Exercise objective
After finding the line that holds "Savlon Antiseptic Liquid ‐ 1 Ltr" below, set down that line and the rest through the final one exactly, leaving the pictures out.

Data segment
┄┄┄┄┄┄

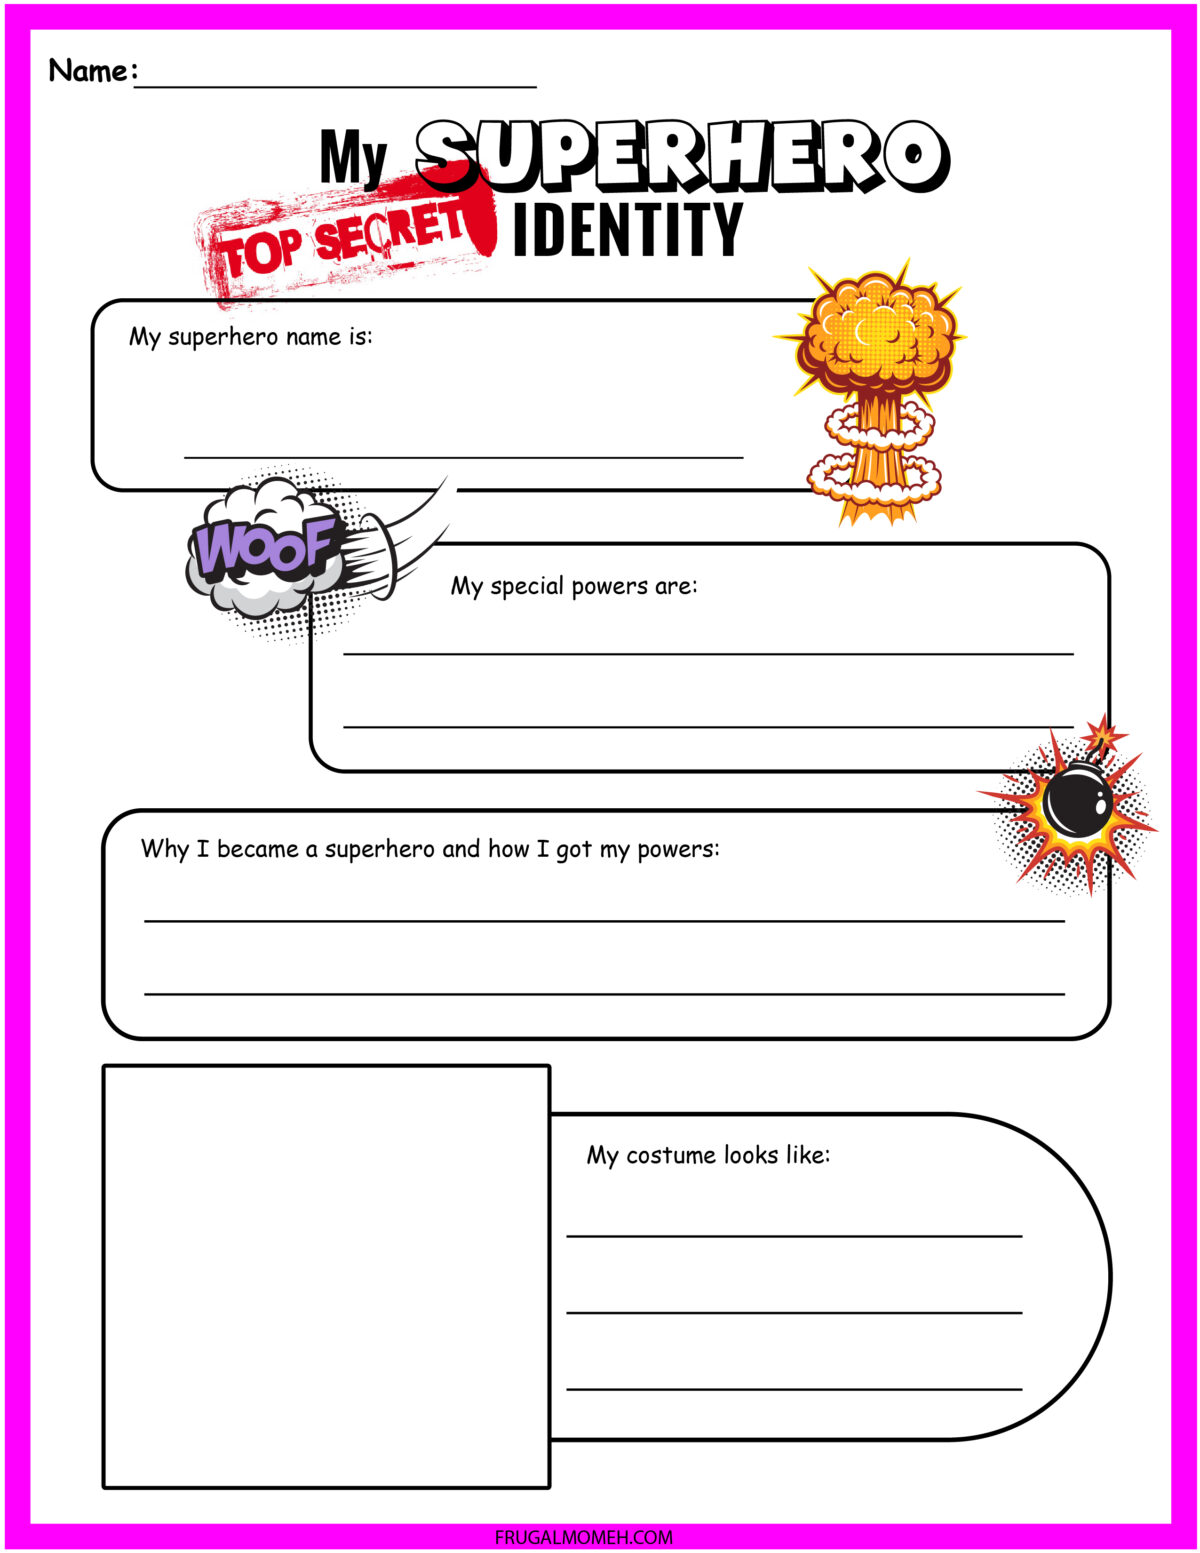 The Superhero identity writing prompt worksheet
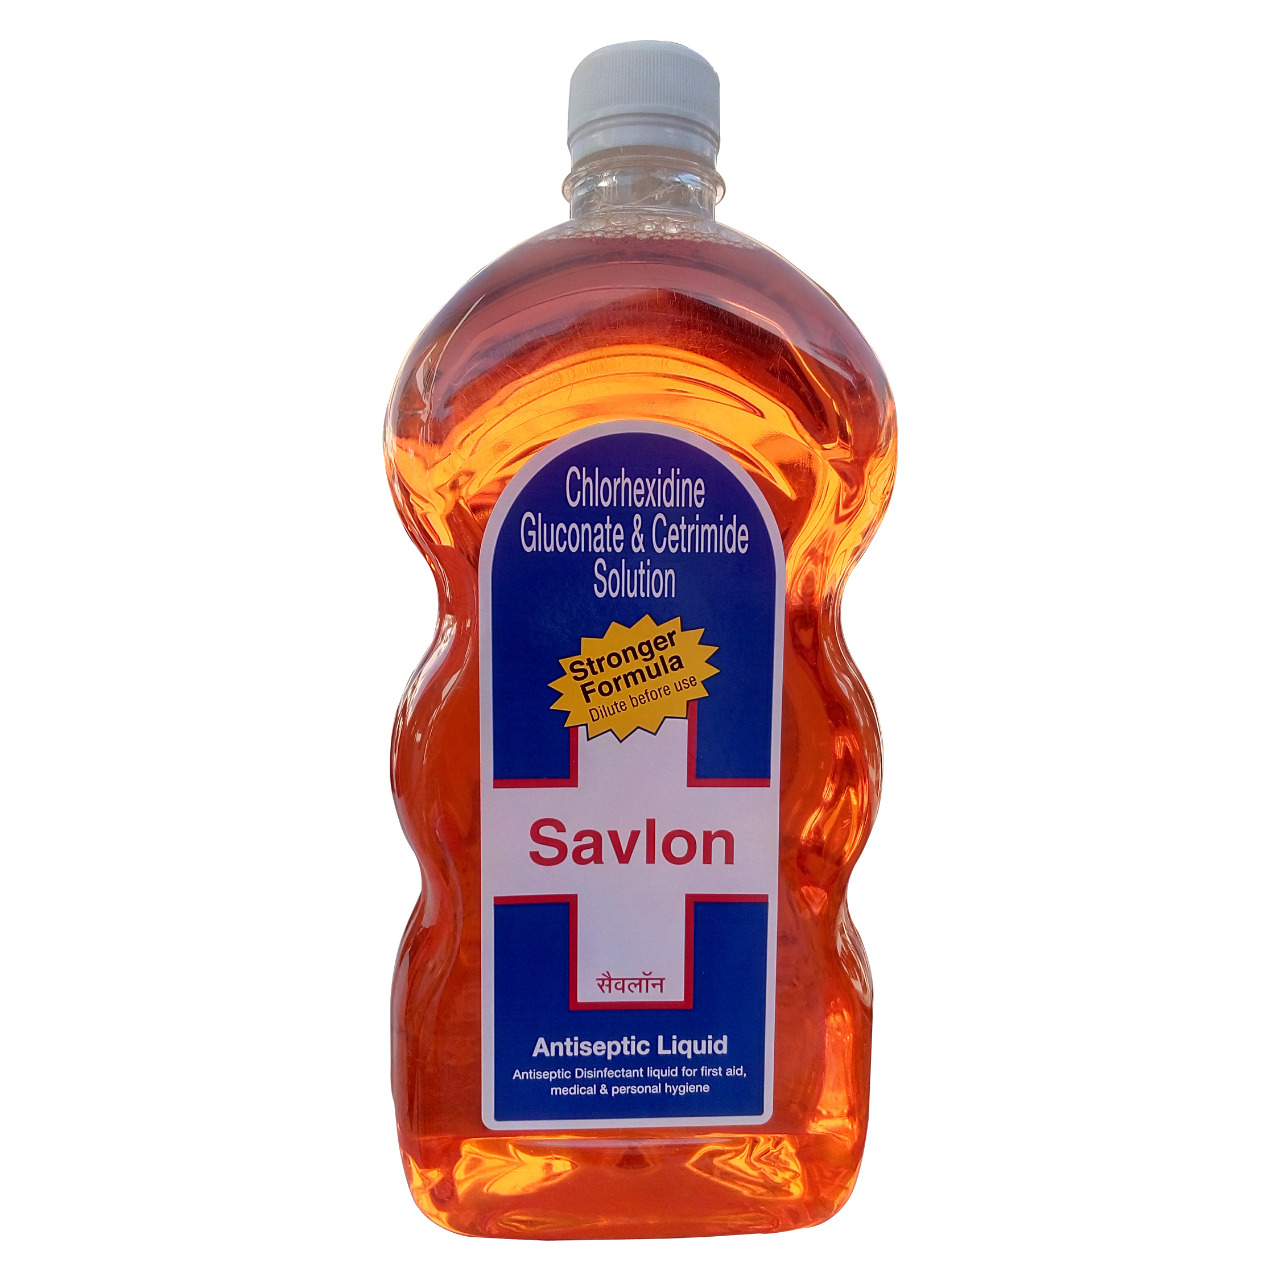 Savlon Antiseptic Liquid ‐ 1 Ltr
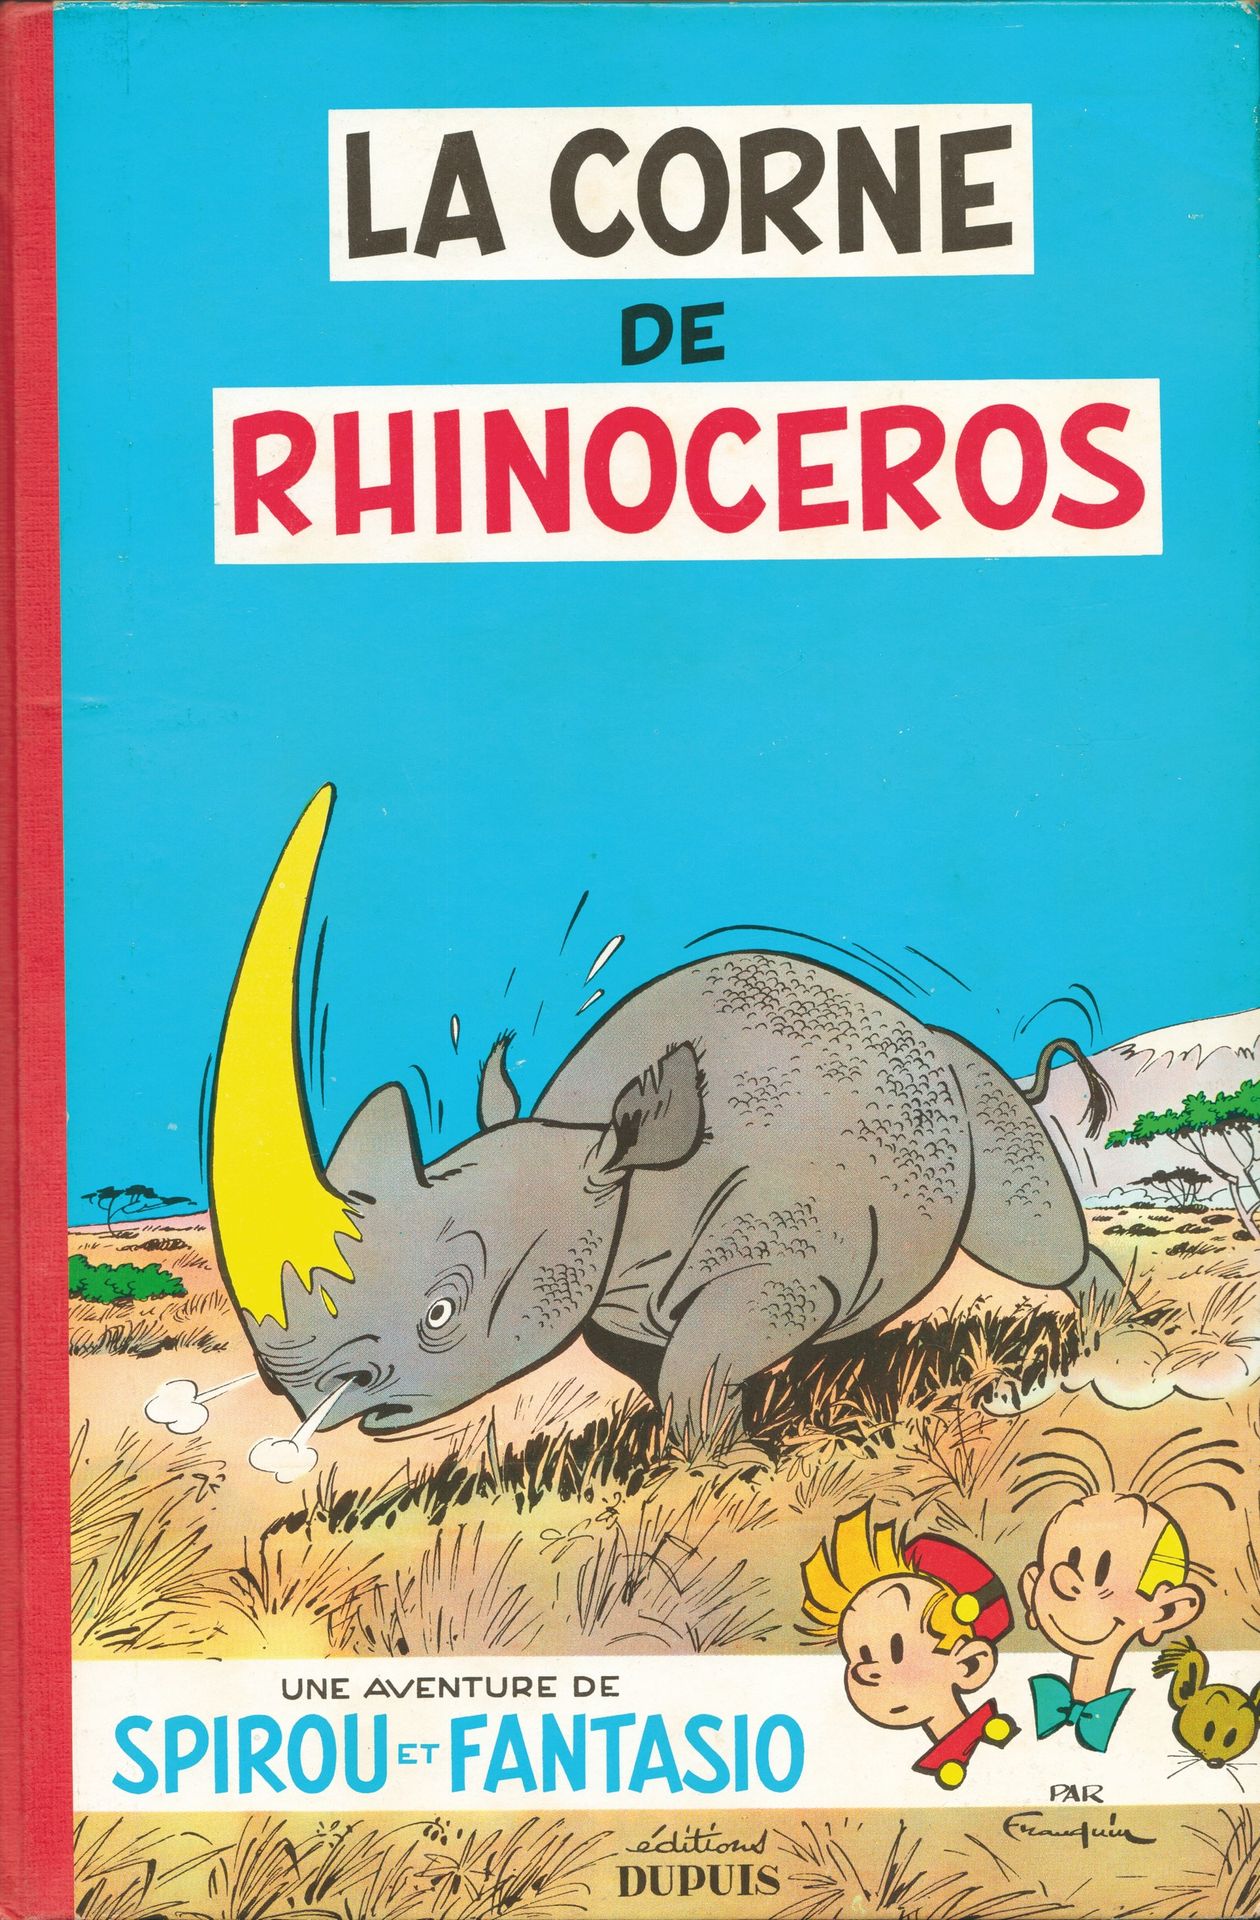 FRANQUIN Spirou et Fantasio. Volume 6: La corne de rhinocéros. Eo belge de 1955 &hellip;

┄┄┄┄┄┄

Answer space
 Savlon Antiseptic Liquid ‐ 1 Ltr
 FRANQUIN Spirou et Fantasio. Volume 6: La corne de rhinocéros. Eo belge de 1955 &hellip;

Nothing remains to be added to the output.